The story explores several issues, among them the idea that one can be envied or pitied and the emotional deprivation that often motivates overcompensation in both children and adults. (Madonna’s adult fans will want this book because it offers insights into where the Material Girl gets that nuclear power-plant drive.)
Four English schoolgirls have formed a tight friendship circle. (They like boys, so they are older than 6.) The four dance, have sleepovers, have nifty-looking bedrooms and clothes. (Jeffrey Fulvimari‘s froufrou illustrations with their Day-Glo hues serve as a magnet for pint-sized alpha girls.) The tale incorporates elements of the Cinderella story and sympathetically suggests what motivates those mean stepsisters. There is no prince, thank God.

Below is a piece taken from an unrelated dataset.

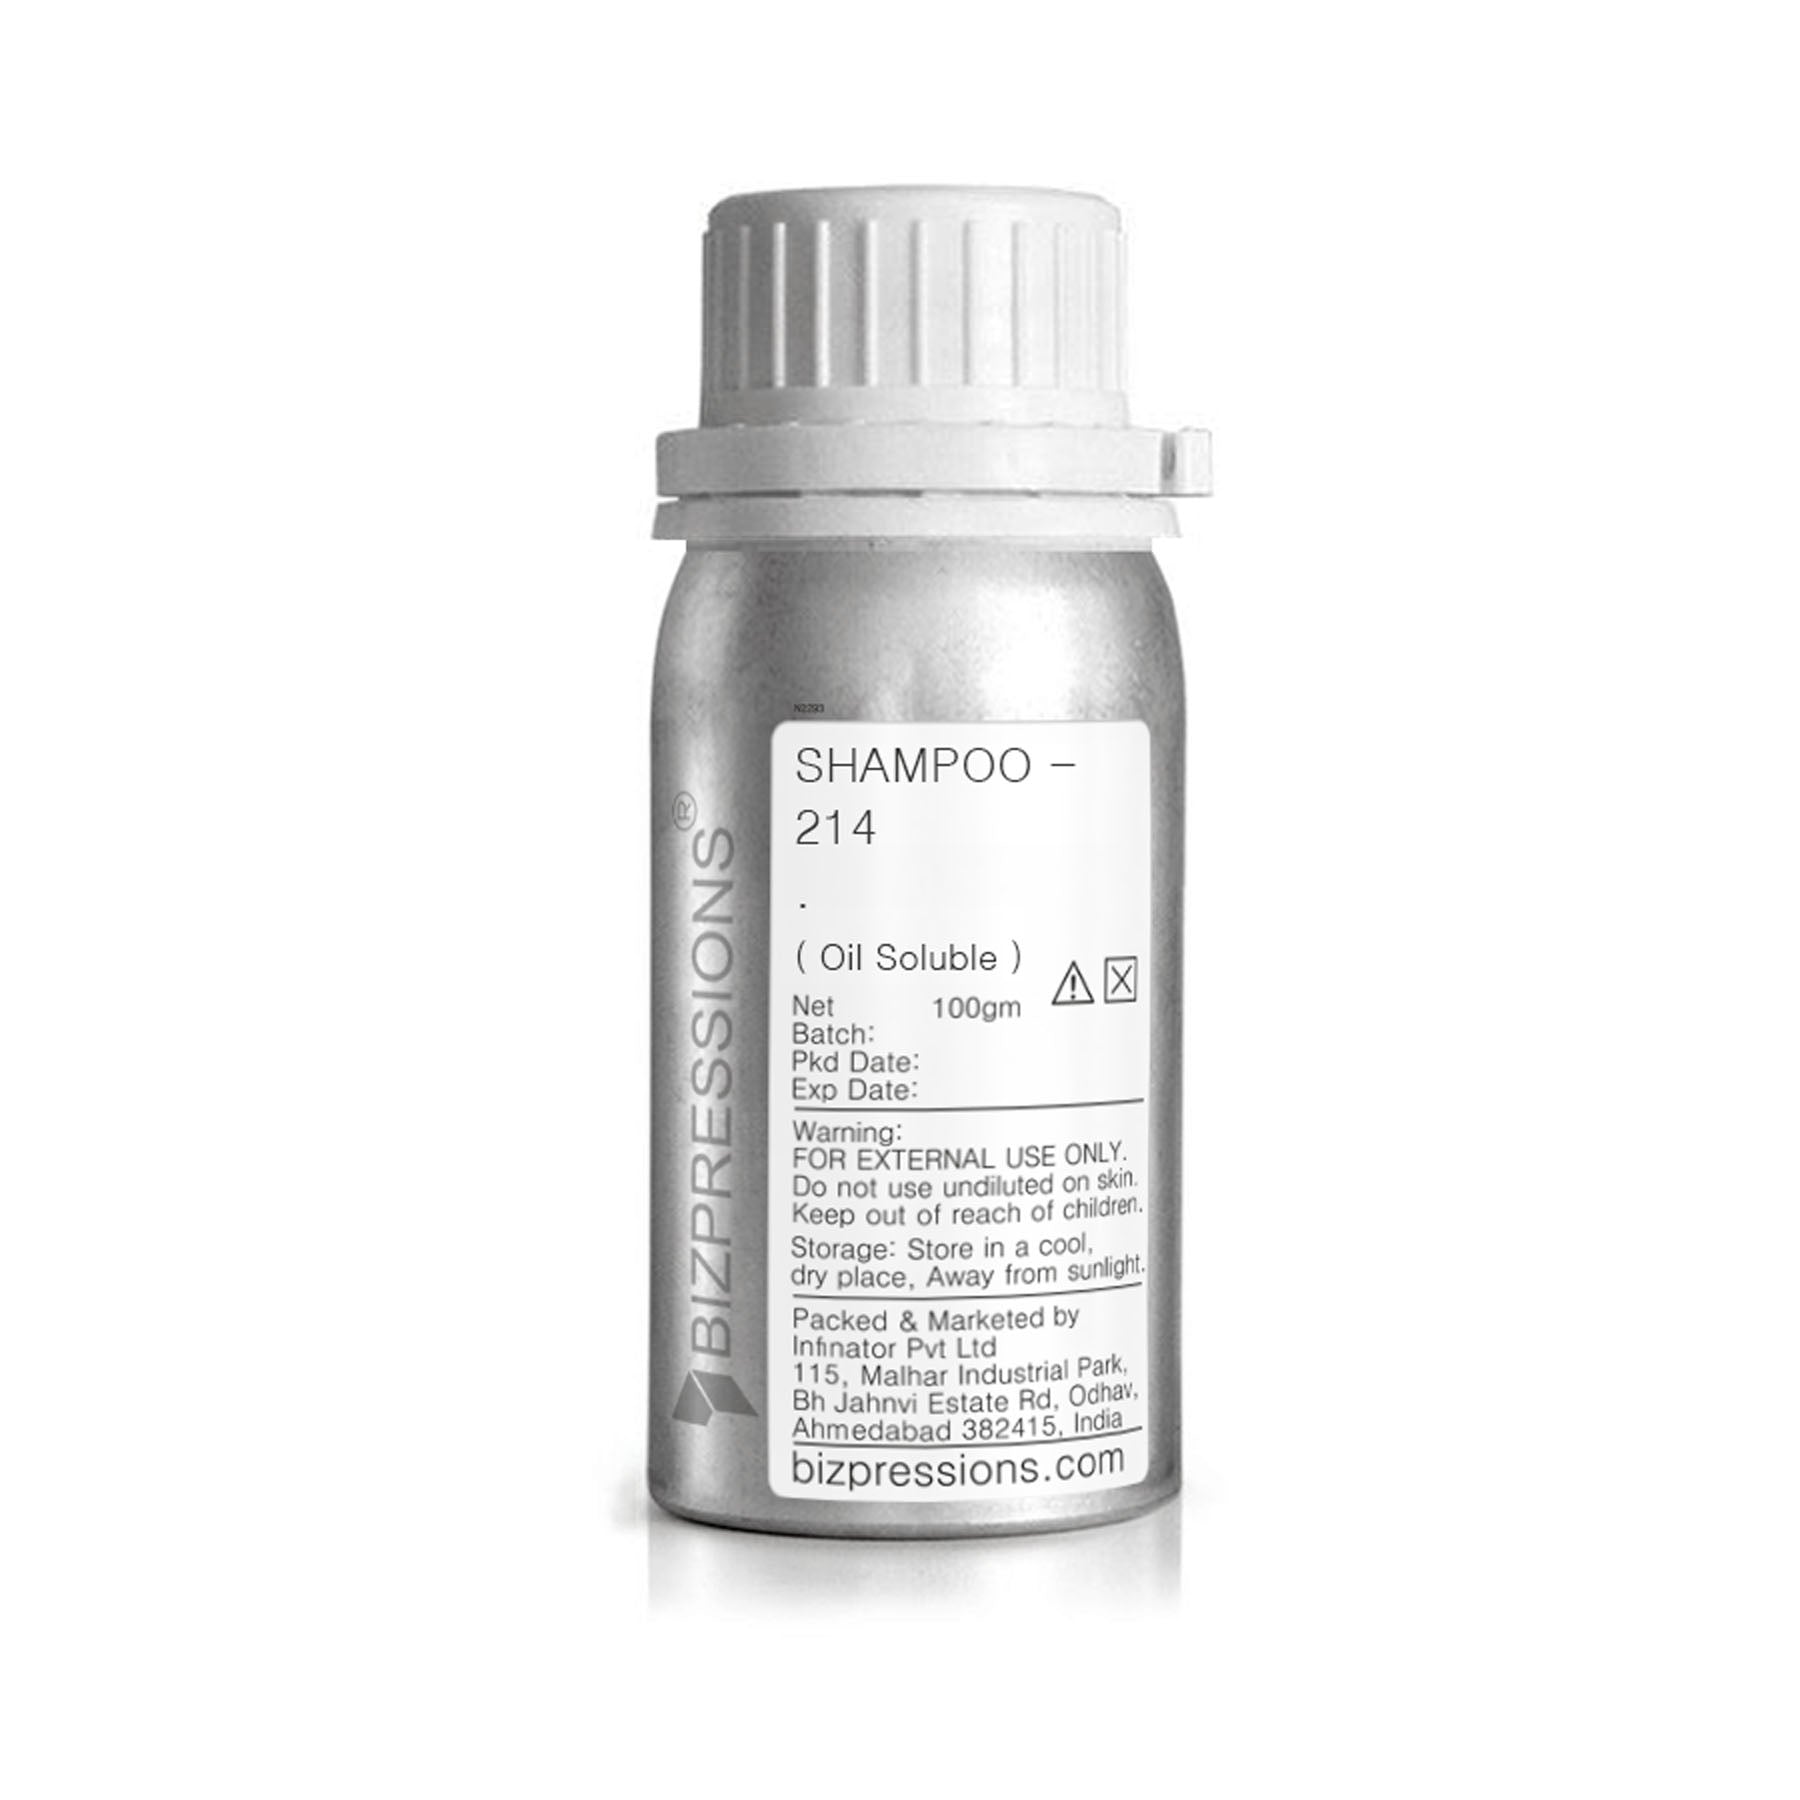 SHAMPOO - 214 - Fragrance ( Oil Soluble )
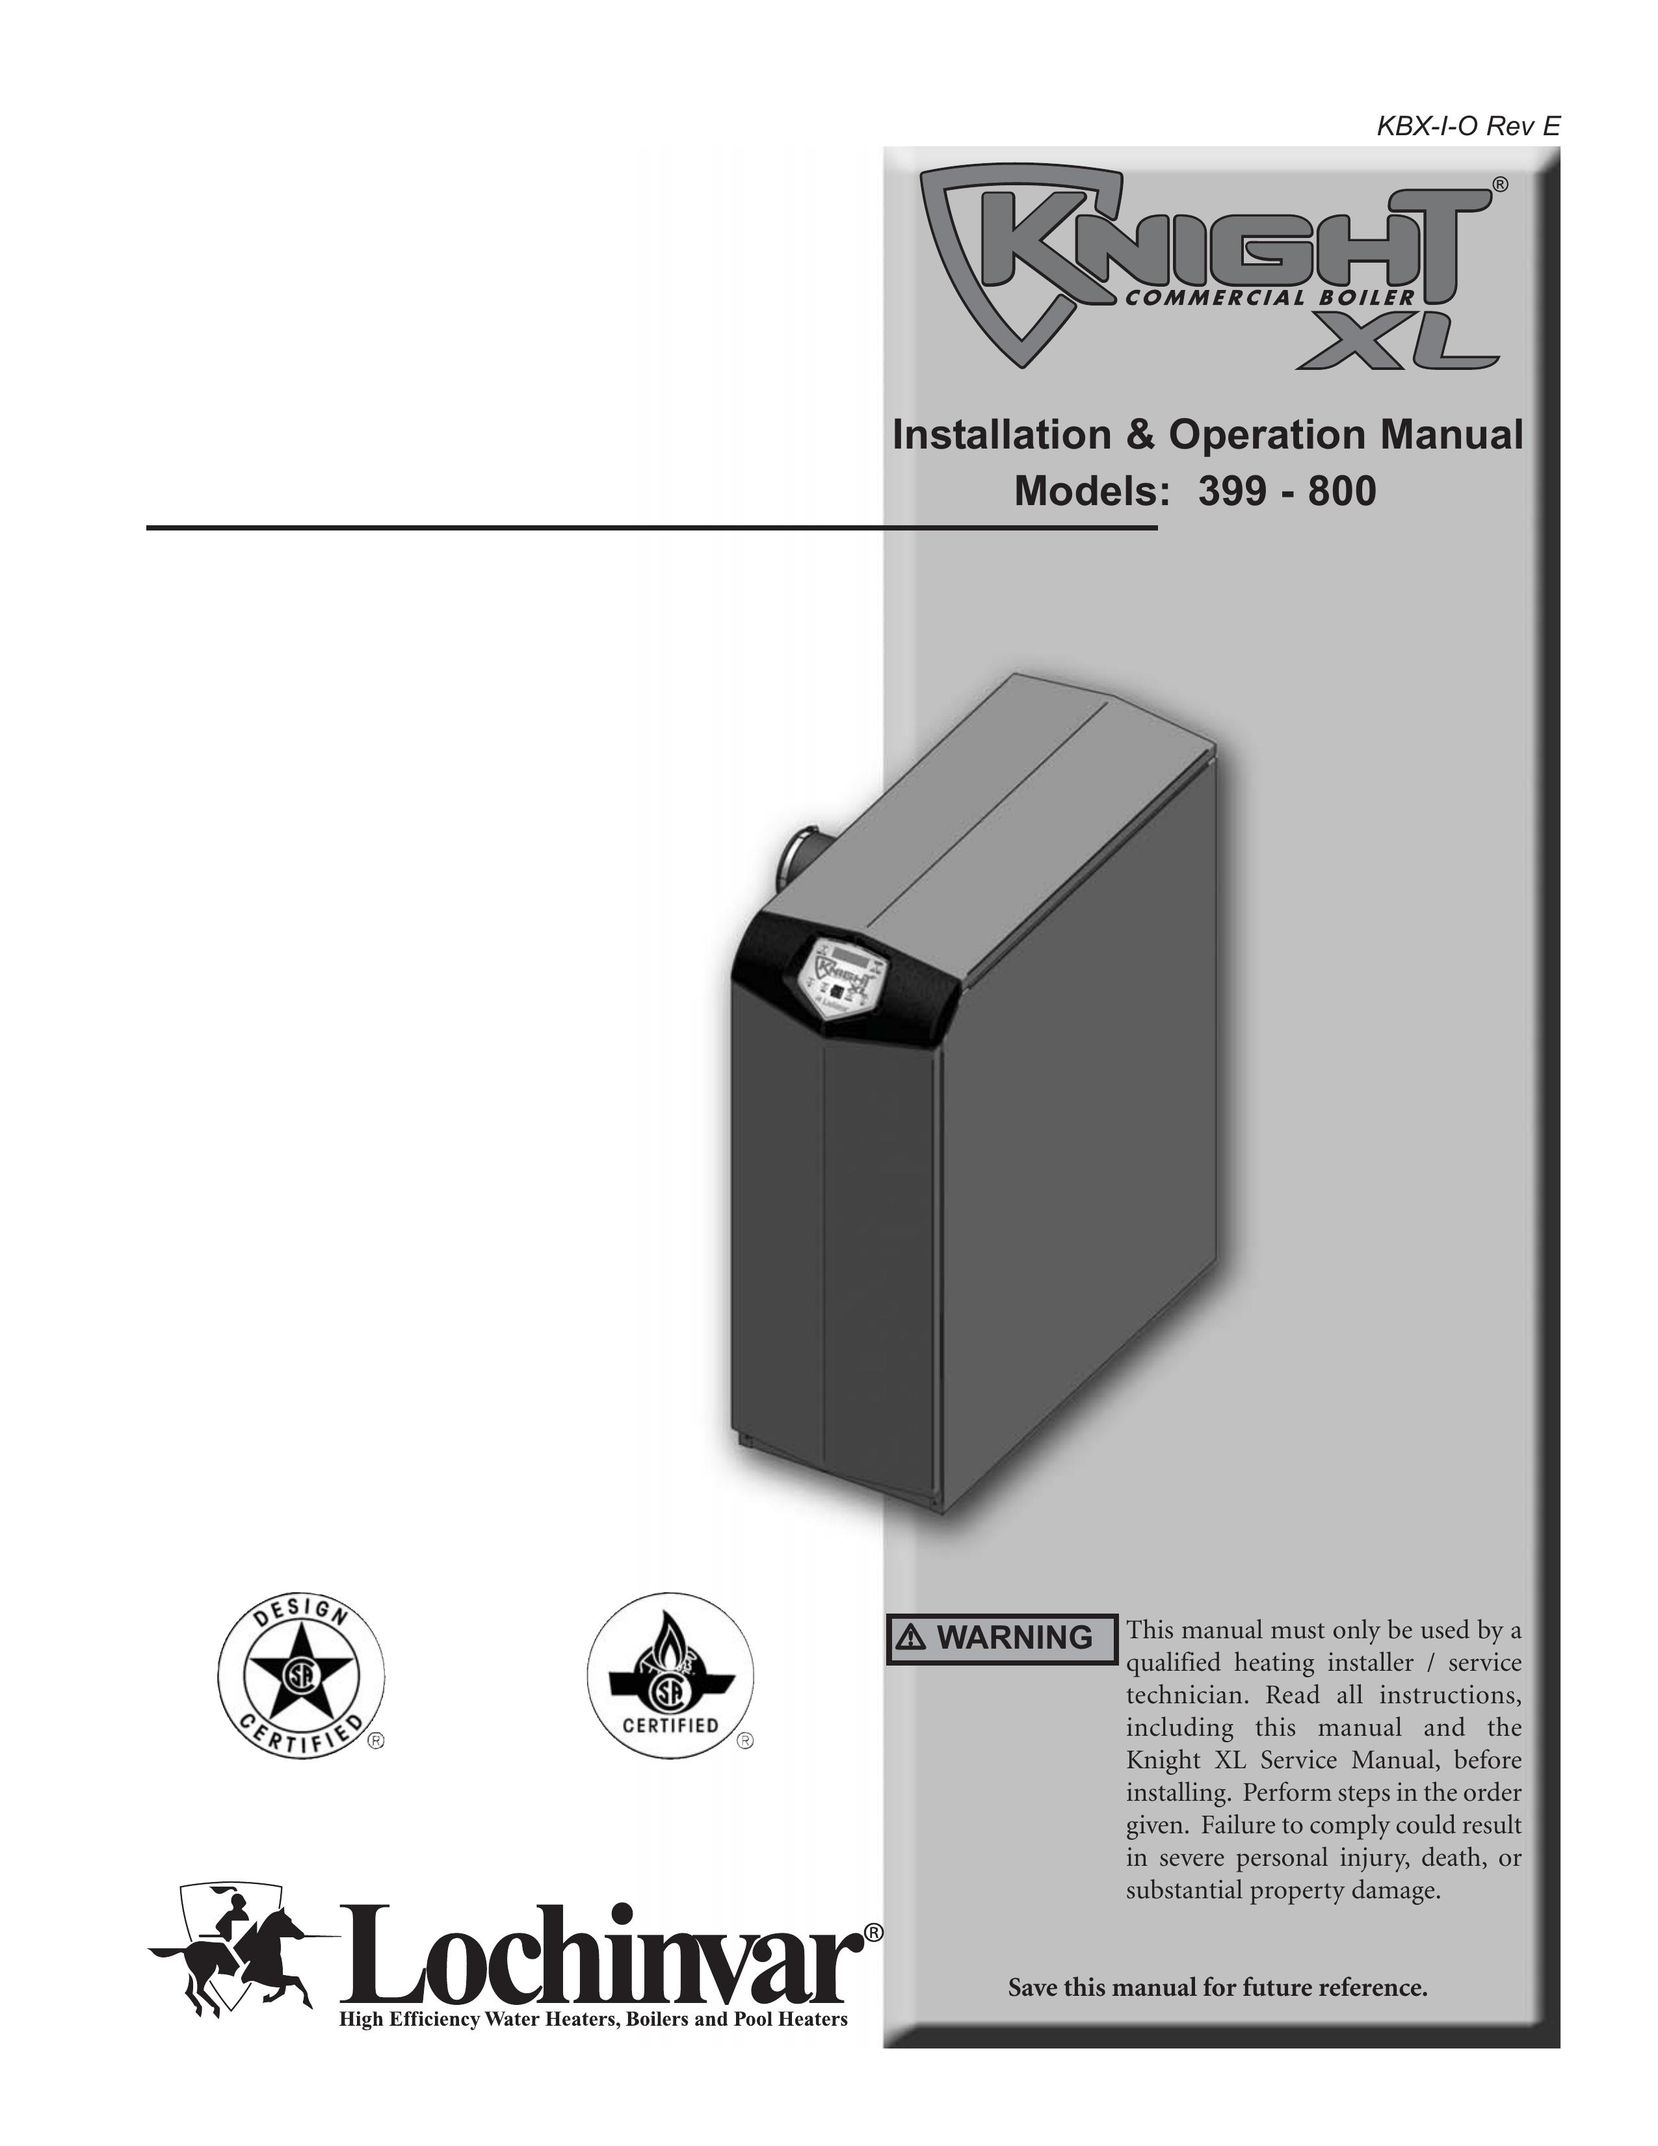 Lochinvar 399 - 800 Boiler User Manual

The four dislike a girl named Binah. She is the kind of overcompensating child whom adults praise. She is smart, beautiful, athletic and kind to others. Perfection itself. The author makes it clear that it’s normal to hate what you envy. But Binah is sad and lonely.
One night during a sleepover, a fairy godmother visits and takes the quartet on a secret viewing of Binah’s life. As in Madonna’s childhood, Binah’s mother is dead. Binah keeps house for her father and cooks and cleans, tasks the quartet’s moms do. Her dreary bedroom is nothing like theirs. The only lovely thing: a photo of her mother. (The story will resonate with those who have lost a parent as a child through death or desertion.) The four realize Binah should neither be envied nor pitied but treated with kindness and included in the group.
Forget Madonna’s wild ways. She offers a vital message for girls. Judge the book, not the author.